Orthogenesis was ultimately crushed by the development of the modern evolutionary synthesis during the 1940’s and 1950’s. (G.G. Simpson was instrumental in extirpating it from paleontology.) The presence of a natural force driving organisms to particular ends was an inference that had no solid evidence to support it. Rather than being a true evolutionary mechanism it was more of a framework for understanding the pattern of evolution over millions of years. (For a recent summary of our present understanding of horse evolution see this article by Bruce MacFadden.)
Even today the evolution of the horse is often presented in a straight-line fashion with little attention to the previous diversity of the group. Why should this be so? There is a sort of “pull of the recent” in science where we wish to know the linear story of how we got to where we are now.* This is the desire that has constructed faulty phylogenies and promulgated “textbook cardboard” versions of the history of science. It seems that we can readily appreciate the diversity of groups that have left no living descendants, but we are more comfortable telling linear stories to explain the presence of living groups. It may indeed be possible to do this but it also requires some pruning and pushing extinct branches off to the sidelines. This is why we tip our hats to robust australopithecines in summaries of human evolution but rarely discuss them in detail.
*[I have borrowed this phrase from paleontology. Its regular usage refers to the fact that the fossil record is generally more complete the closer it is to the present.]
It is unfortunate, and frustrating, that we appear to be stuck with images of evolution that imply progress. We are still grappling with paradoxical images that are supposed to reveal adaptation but more strongly imply some kind of predestined direction. I was reminded of this last night when I picked up Stephen Jay Gould’s 1989 book Wonderful Life. Gould opens with a discussion of images of progress in evolution and the strange relationship between scientists and illustration.
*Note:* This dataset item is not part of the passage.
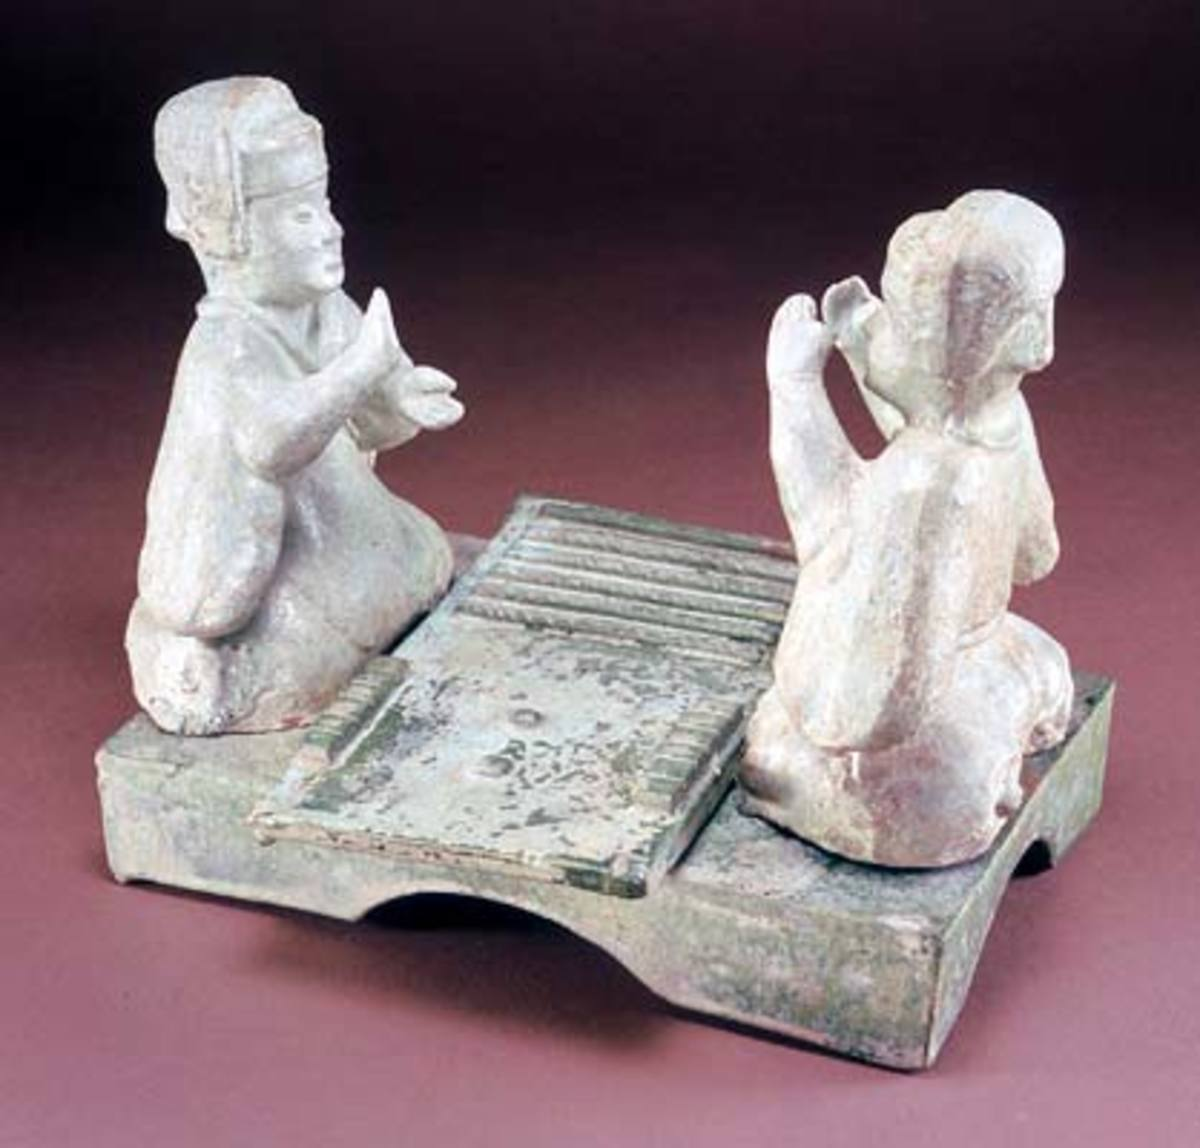 Liubo players, Han dynasty (206 BCE - 220 CE), China.

One would think that scientists would think carefully about the images they use, particularly in paleontology where restorations and diagrams are so often used, but this is not necessarily so. Tradition seems to bind us to particular modes of illustration even after they have become outdated.
Even 20 years after Wonderful Life was published I still see images of evolution that infer progress (especially the erroneous trajectory from chimpanzee to Australopithecus afarensis to Homo sapiens). Are the traditional modes of illustration truly the best, or are we just unimaginative? I am leaning more towards the latter, but I suspect it will always be a problem. There seems to be a continual fascination with how the present world came to be as it is; species or entire lineages that have been lost along the way are thus seem of little relevance. This is absolutely untrue, but it is hard to fight the pull of the recent.